_Task goal_
This exercise calls for retyping every line below exactly, with the images omitted.

_Collected data_
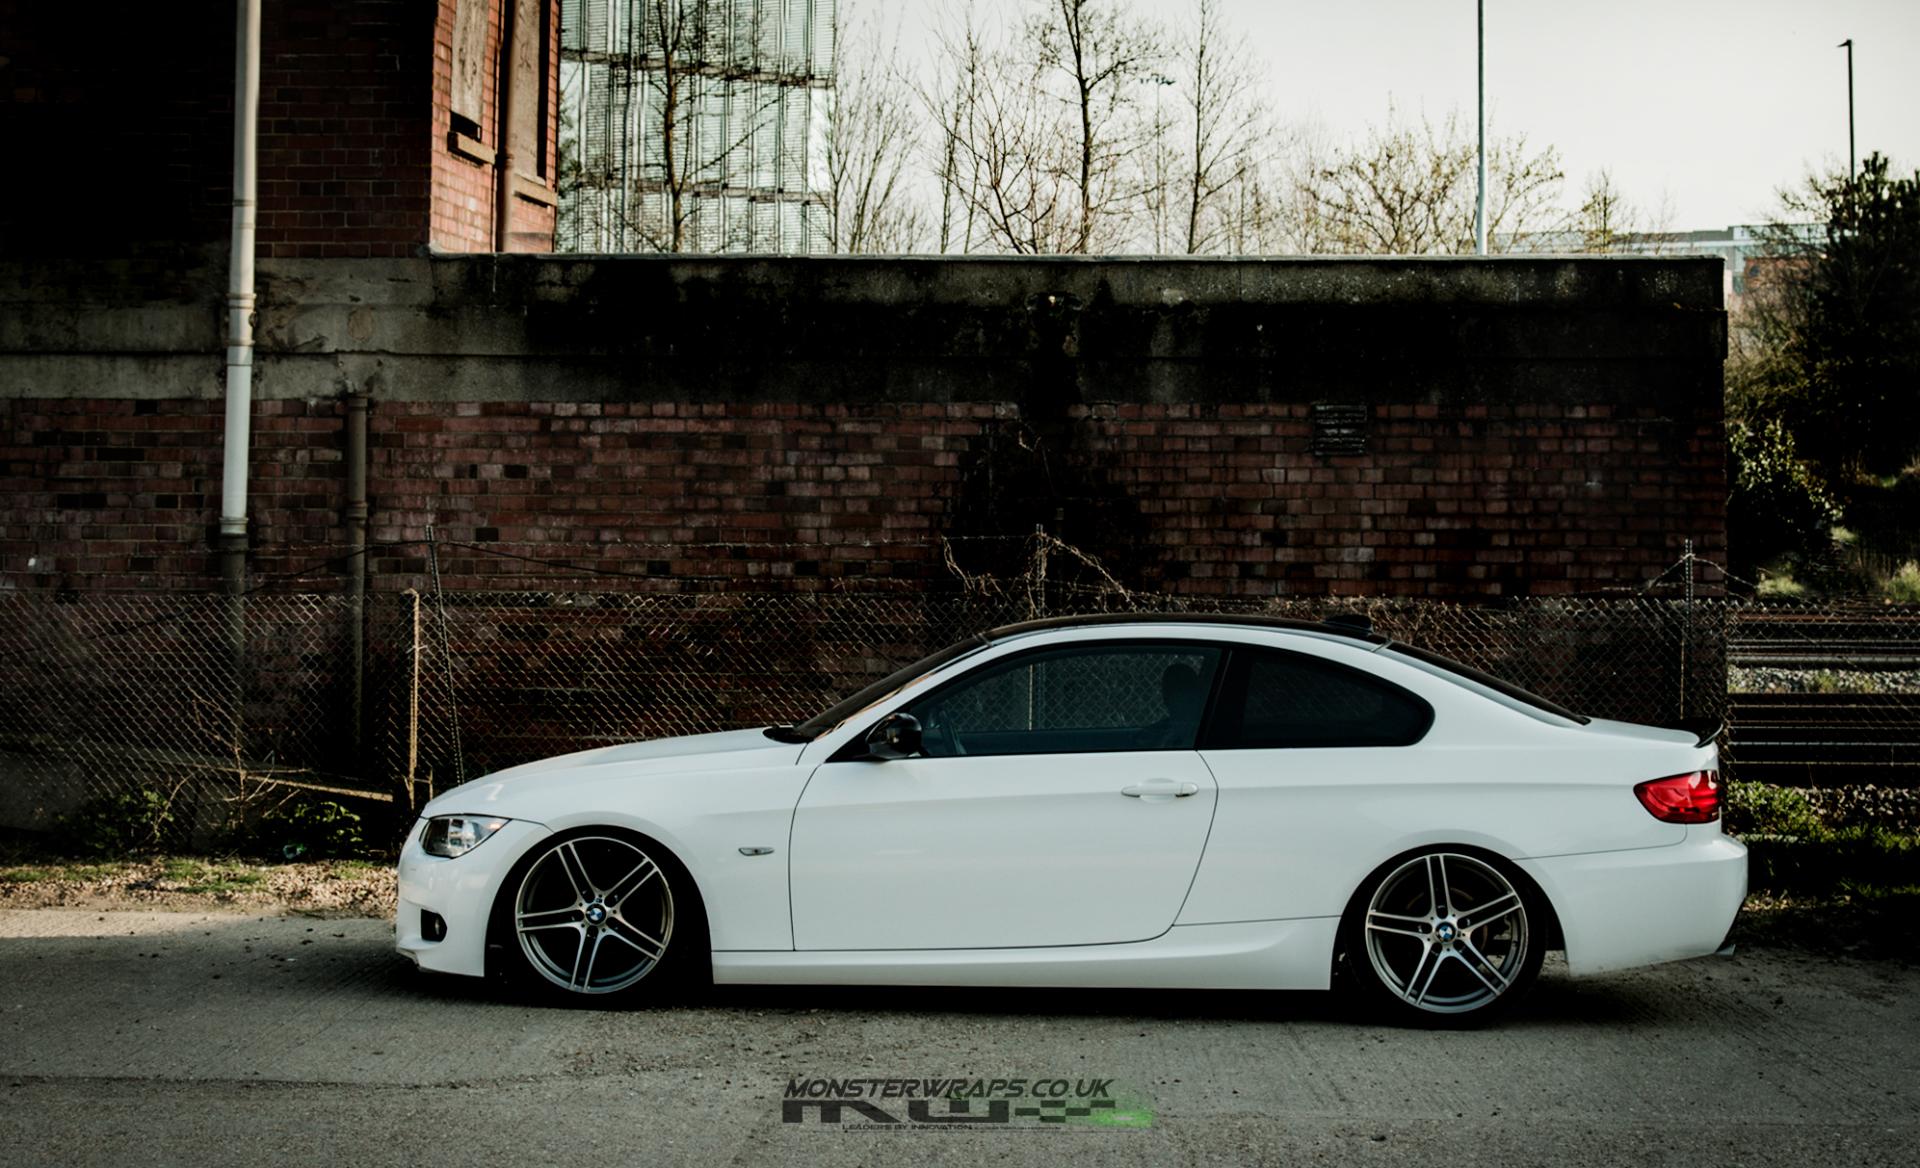 BMW 3 series E92 gloss white wrap 3M 1080 monsterwraps
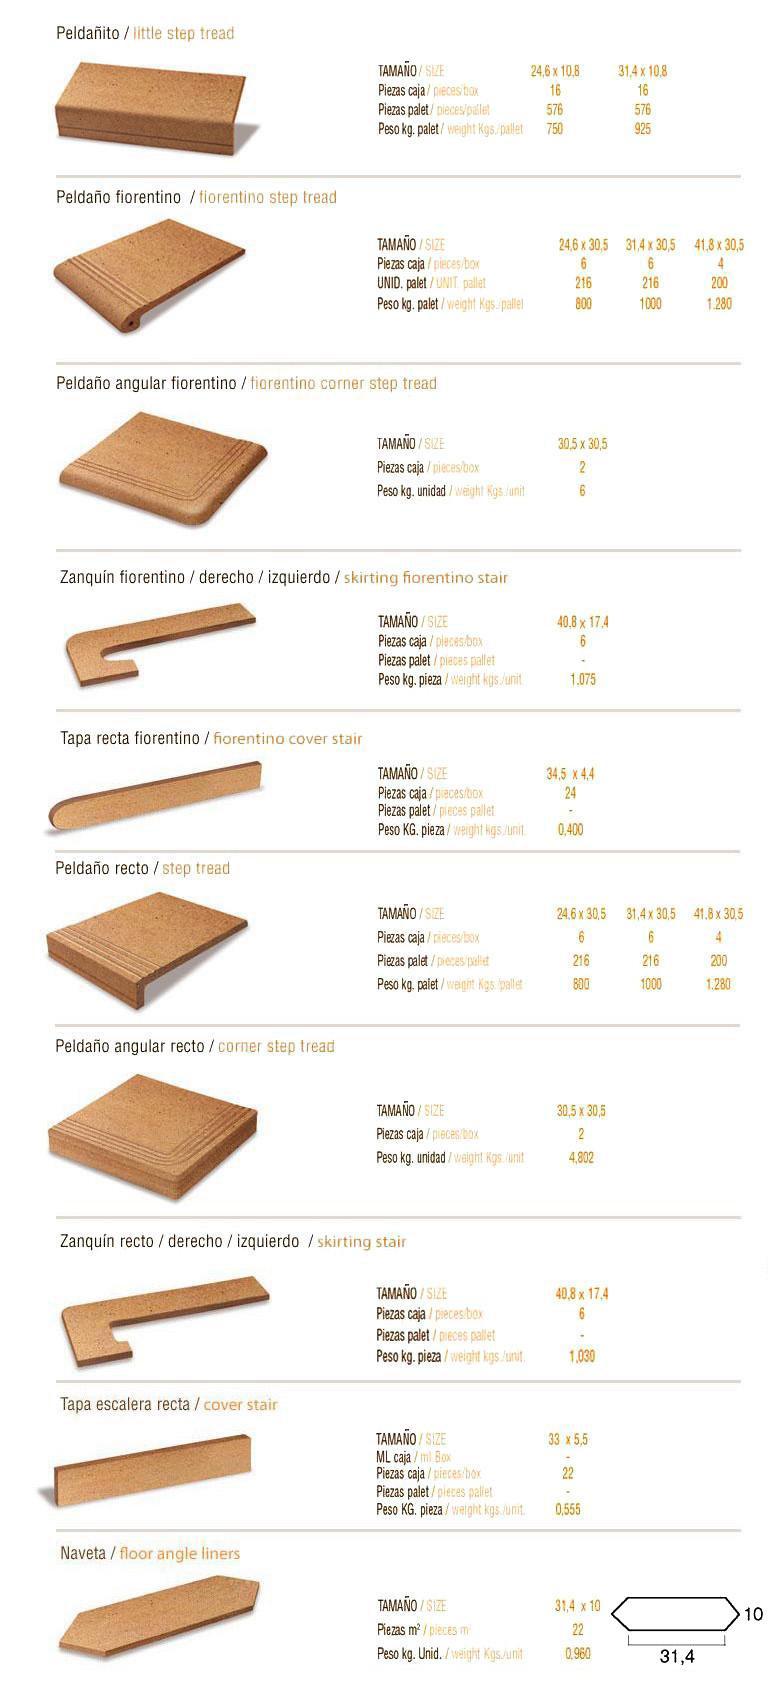 Materiales de construccion madrid - Ladrillo refractario medidas ...
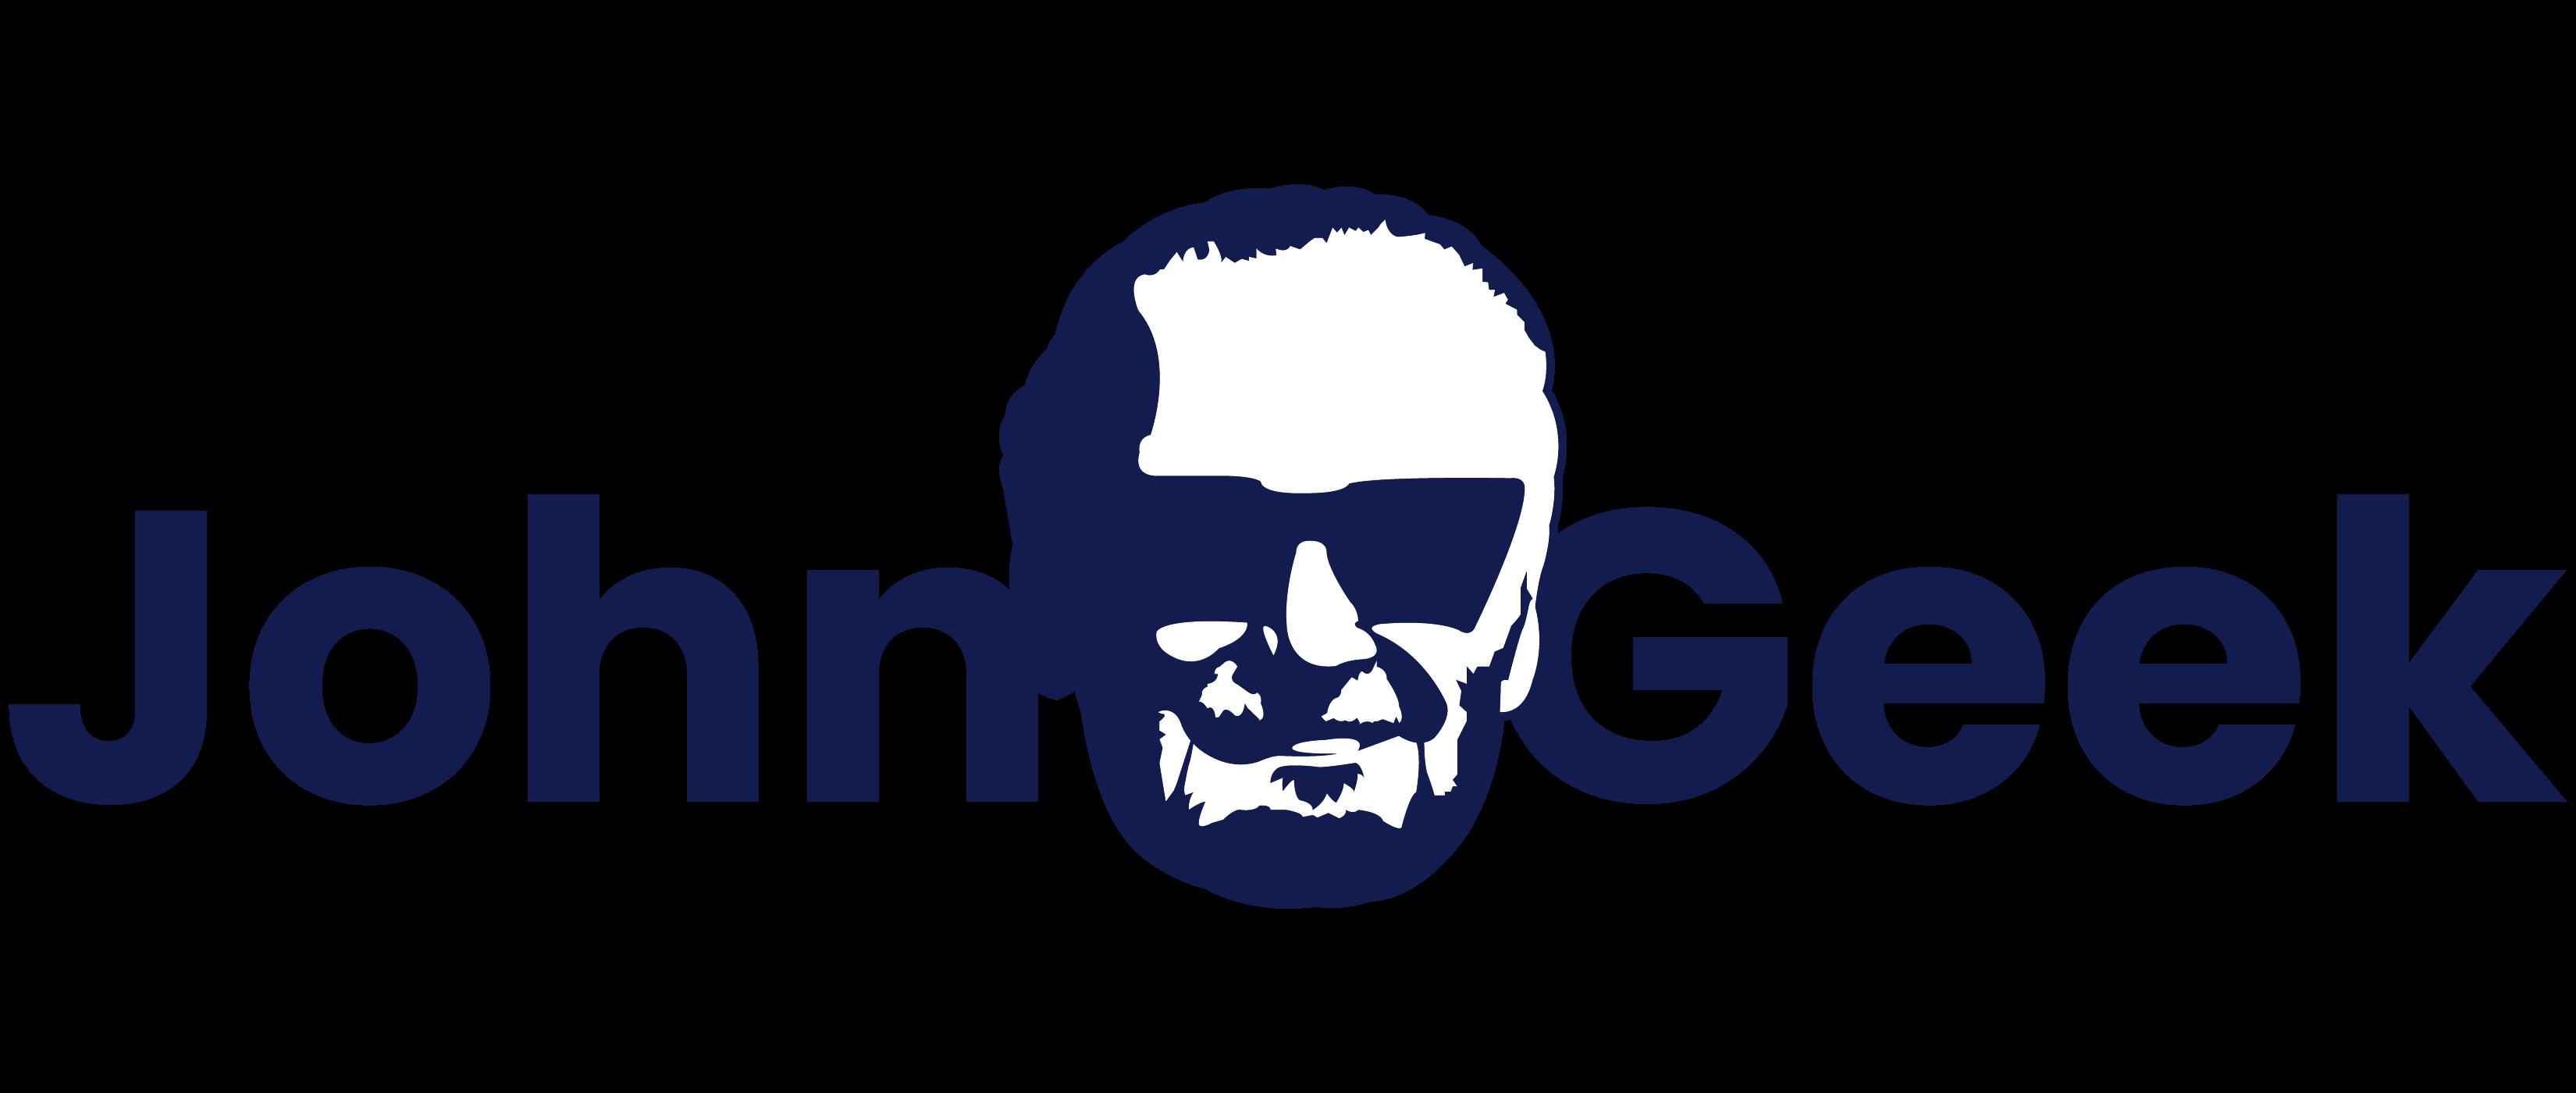 John Geek
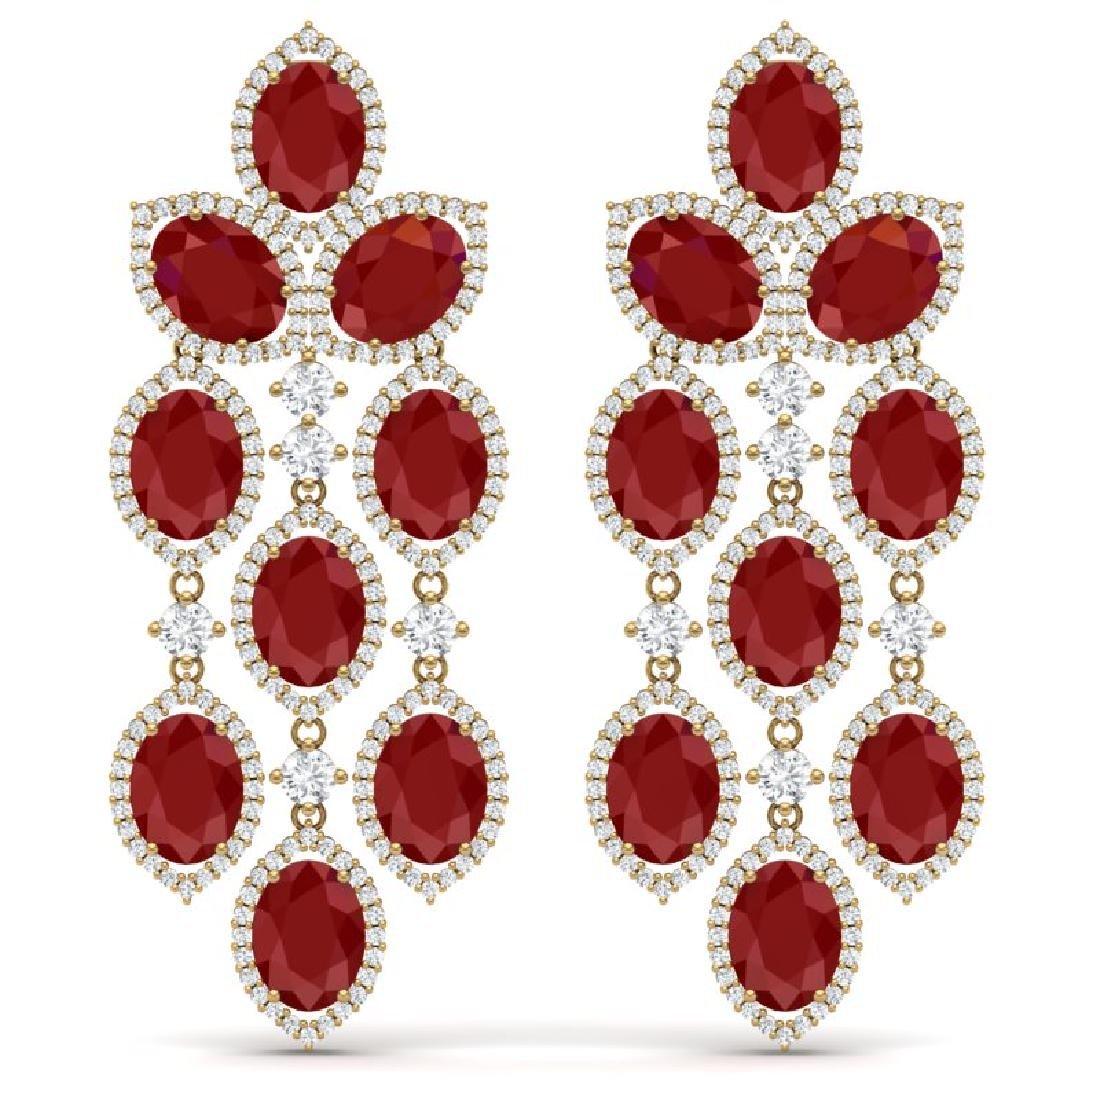 26.15 CTW Royalty Designer Ruby & VS Diamond Earrings

_Finished task_
 BMW 3 series E92 gloss white wrap 3M 1080 monsterwraps
 Materiales de construccion madrid - Ladrillo refractario medidas ...
 John Geek
 26.15 CTW Royalty Designer Ruby & VS Diamond Earrings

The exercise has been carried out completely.